[YOUR TASK] Return only these lines: the one that contains "This is a particularly" and every line after it through the end of the listing, exactly, without pictures.

[AVAILABLE DATA]
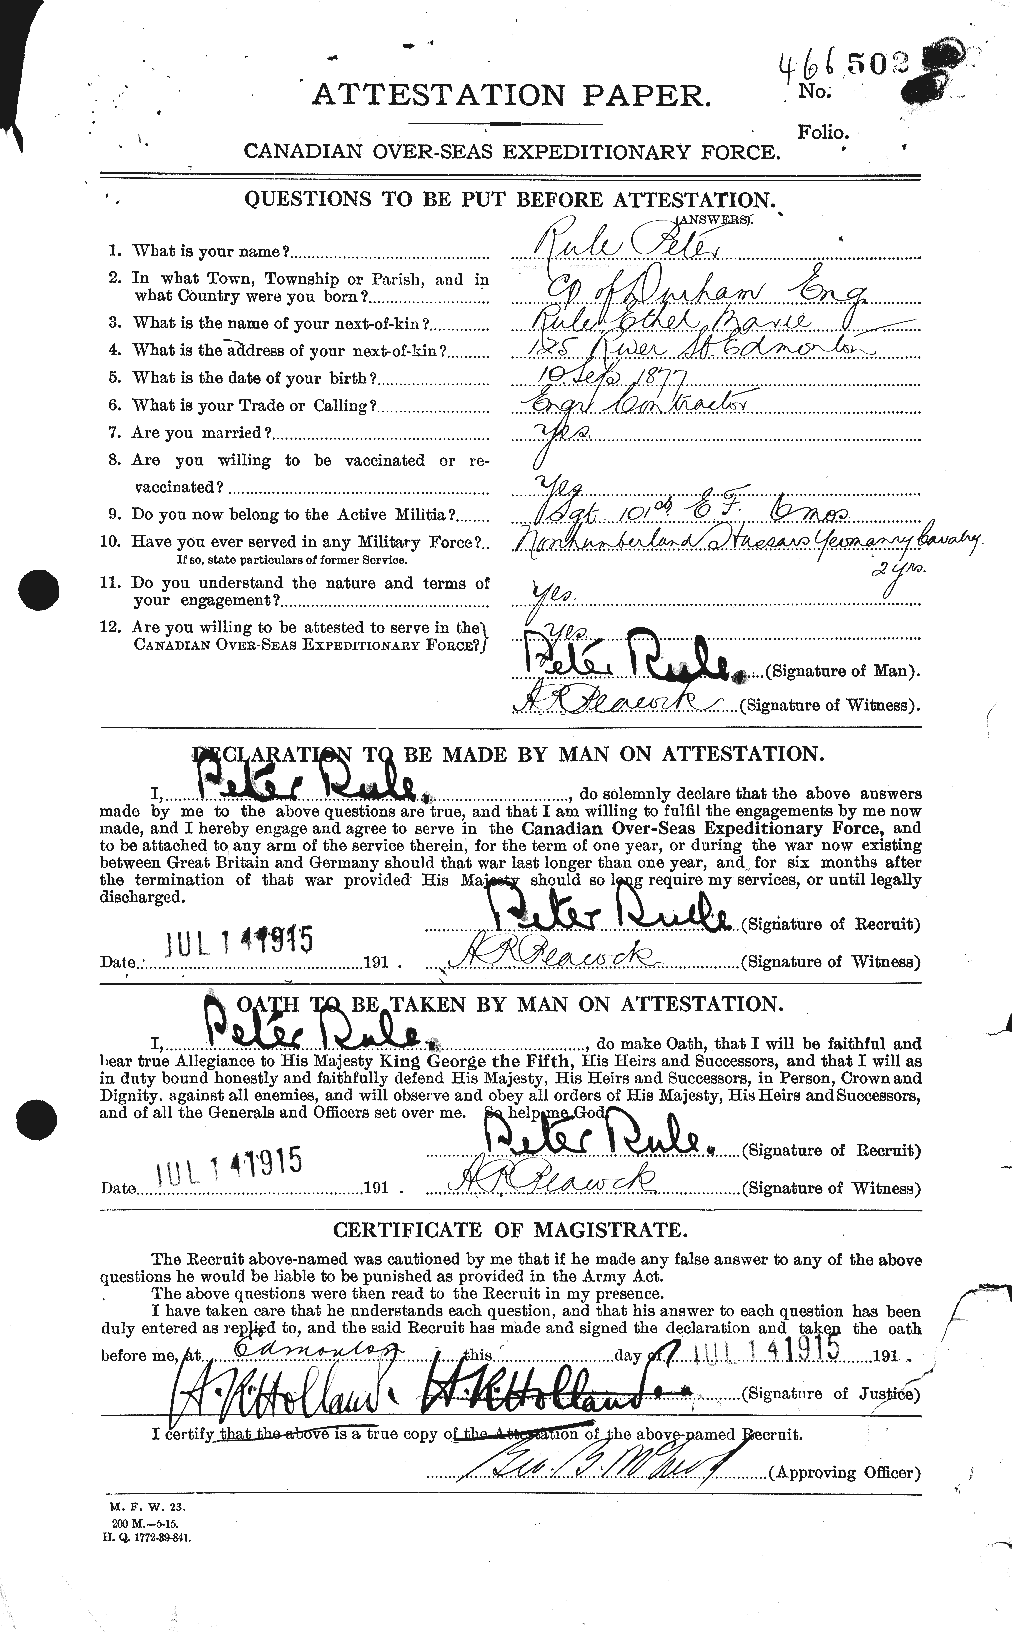 Personnel Records of the First World War - CEF 617336a
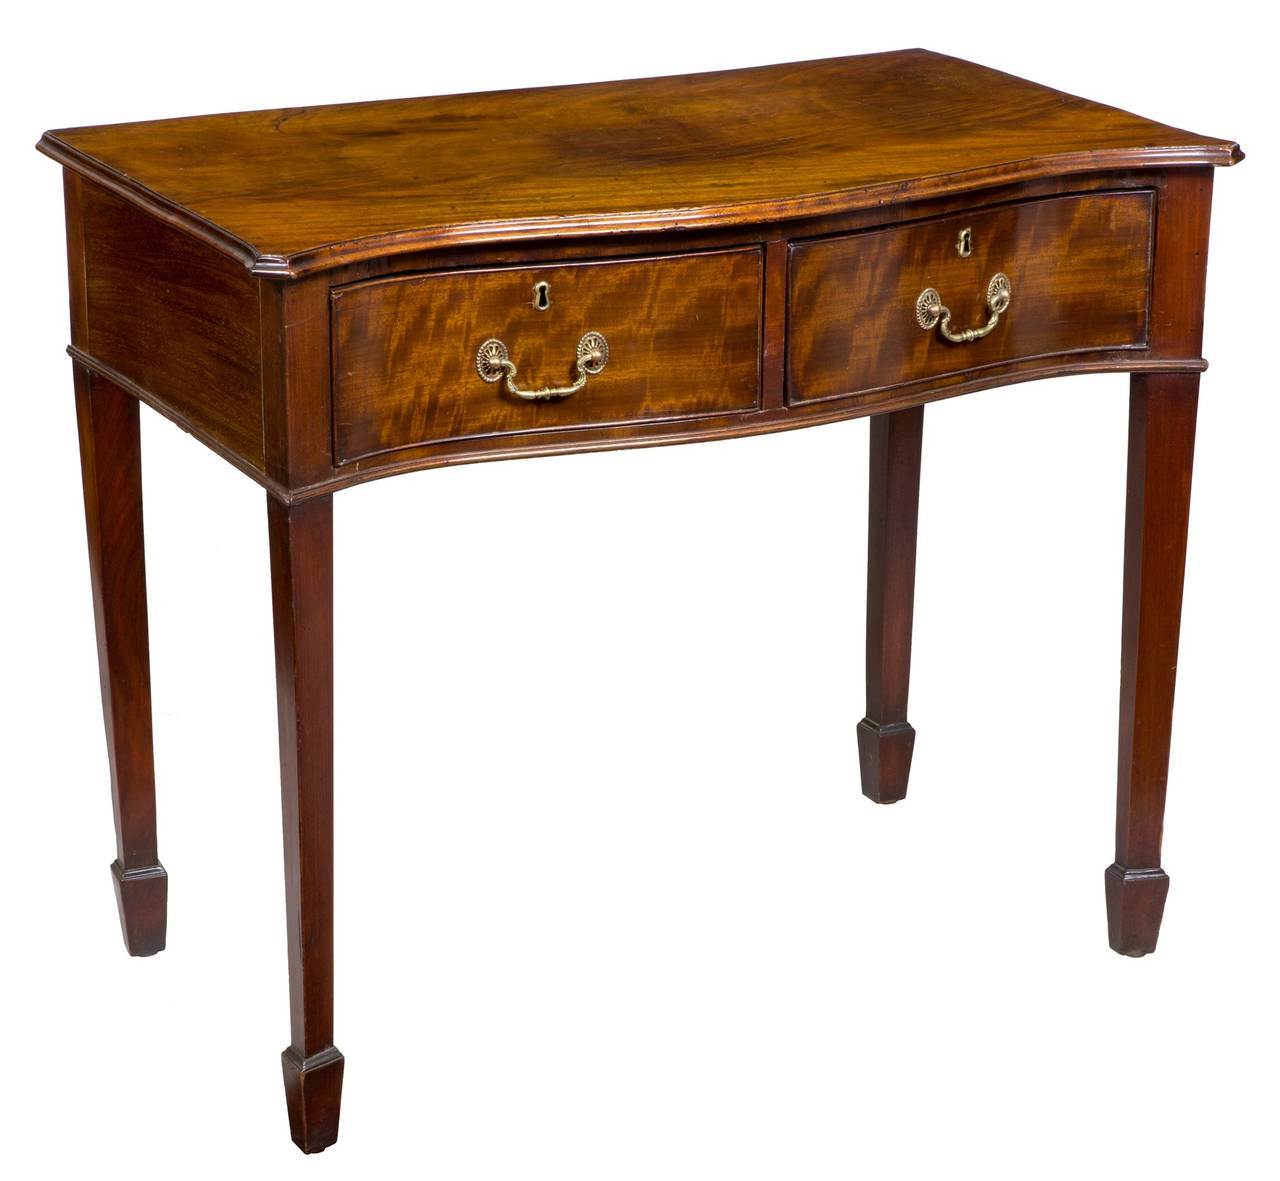 This is a particularly useful small-scale server with an exceptionally beautiful solid one-board mahogany top. Note the figure on the top board; it was obviously selected for dramatic effect. The front is serpentine in shape and has tapered legs
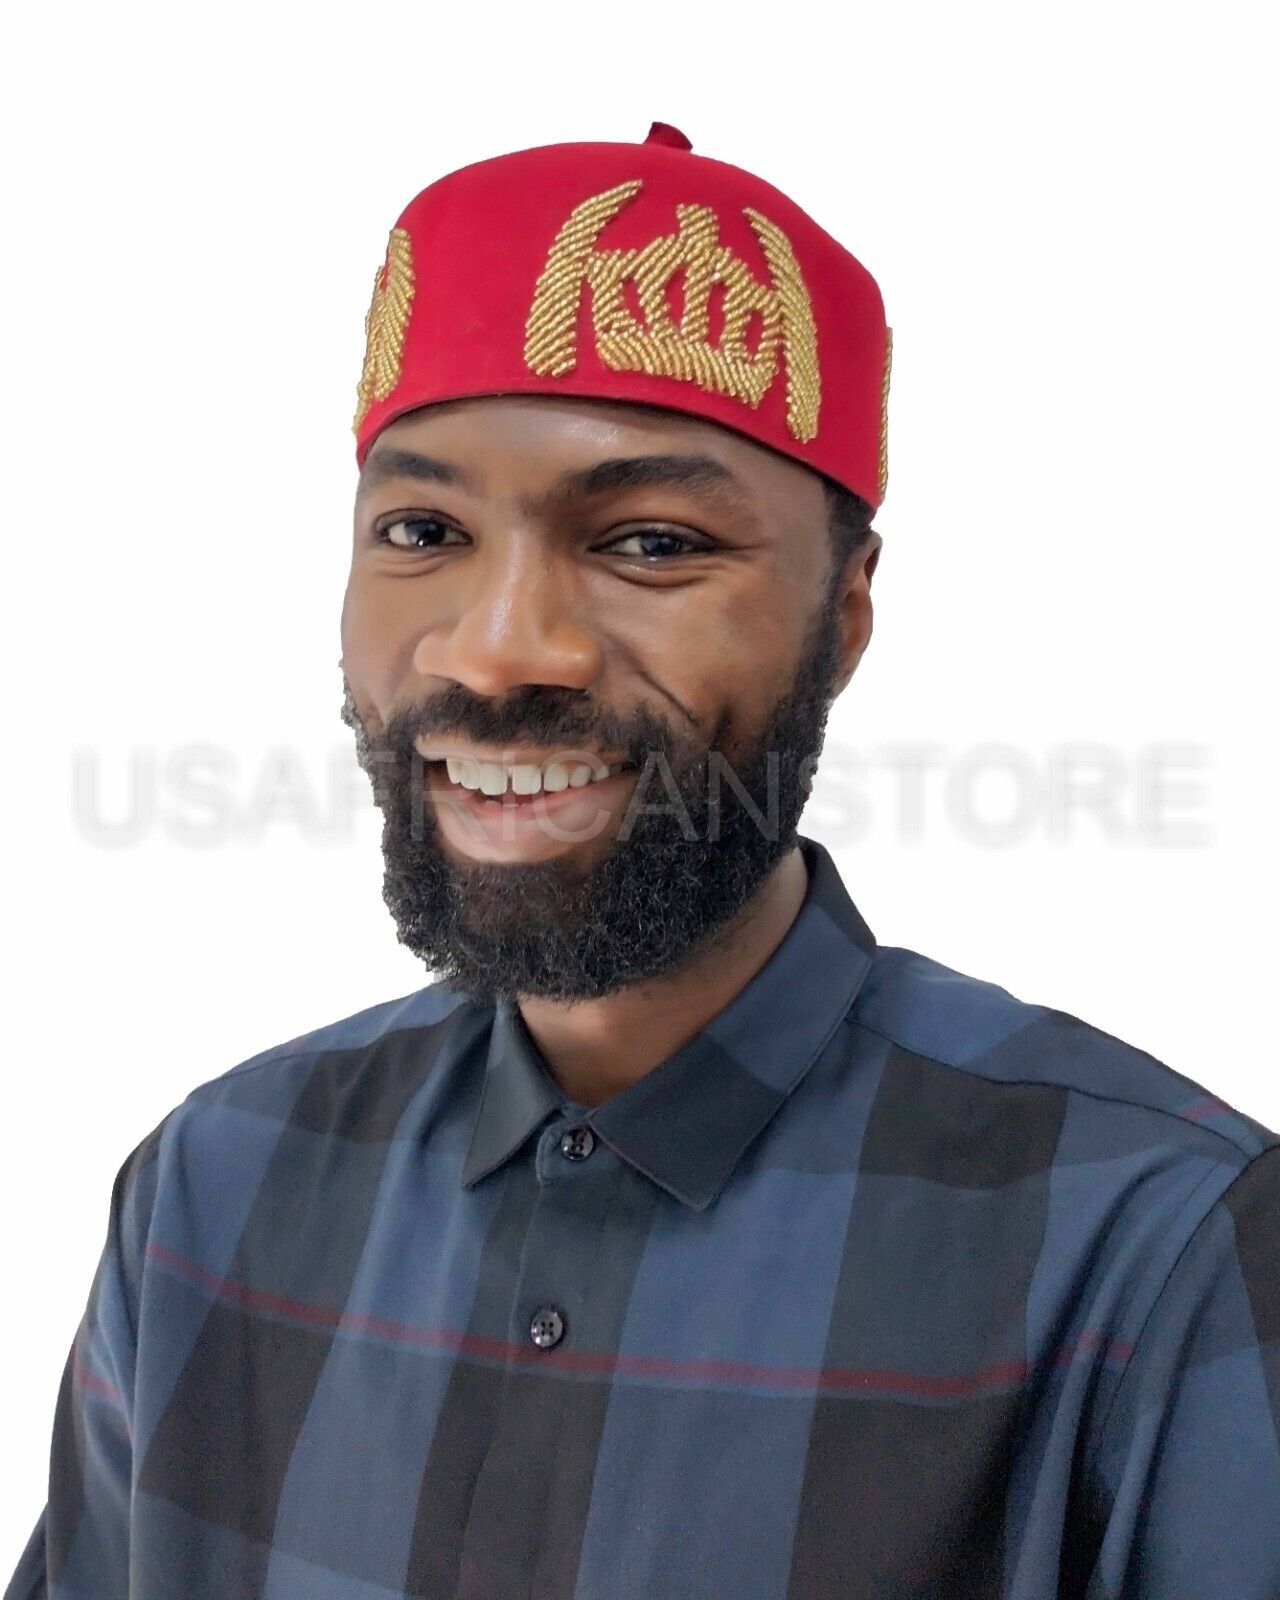 Red High Chief Igbo Cap For Men, Igbo Traditional Red Cap, High Chieftaincy
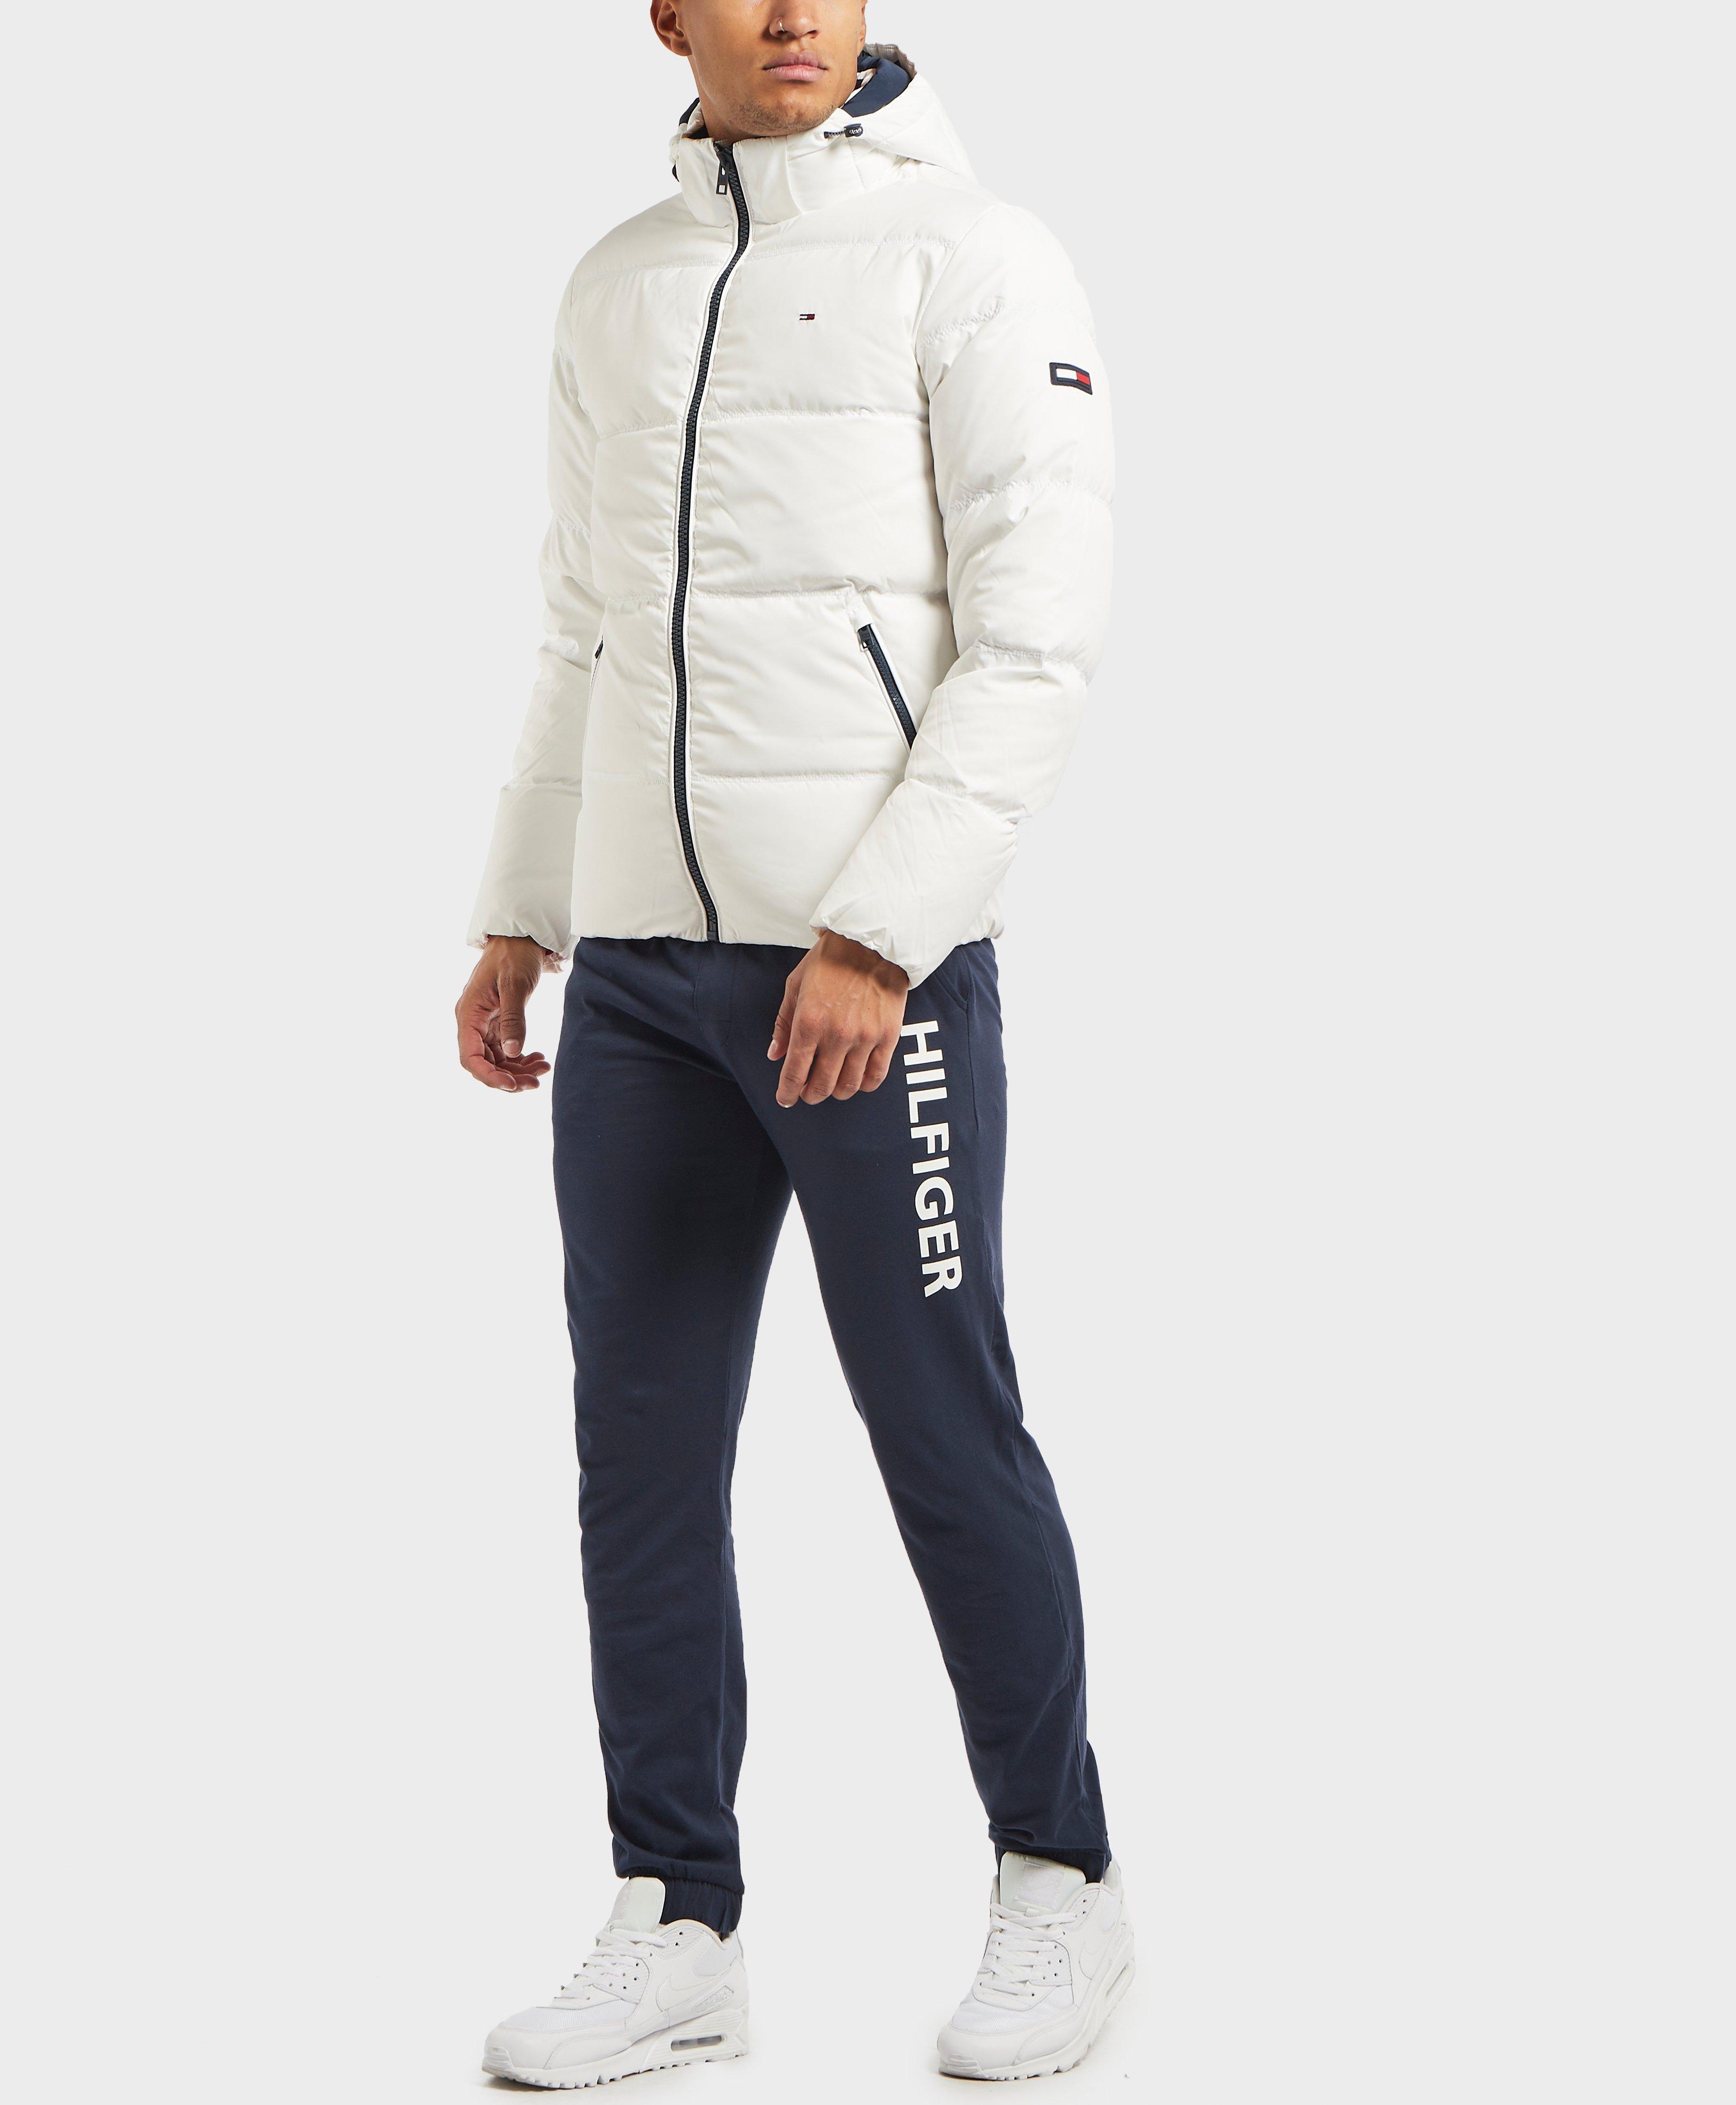 Tommy Hilfiger Essential Down Padded Jacket in White for Men - Lyst

[EXERCISE SOLUTION]
 This is a particularly useful small-scale server with an exceptionally beautiful solid one-board mahogany top. Note the figure on the top board; it was obviously selected for dramatic effect. The front is serpentine in shape and has tapered legs
 Red High Chief Igbo Cap For Men, Igbo Traditional Red Cap, High Chieftaincy
 Tommy Hilfiger Essential Down Padded Jacket in White for Men - Lyst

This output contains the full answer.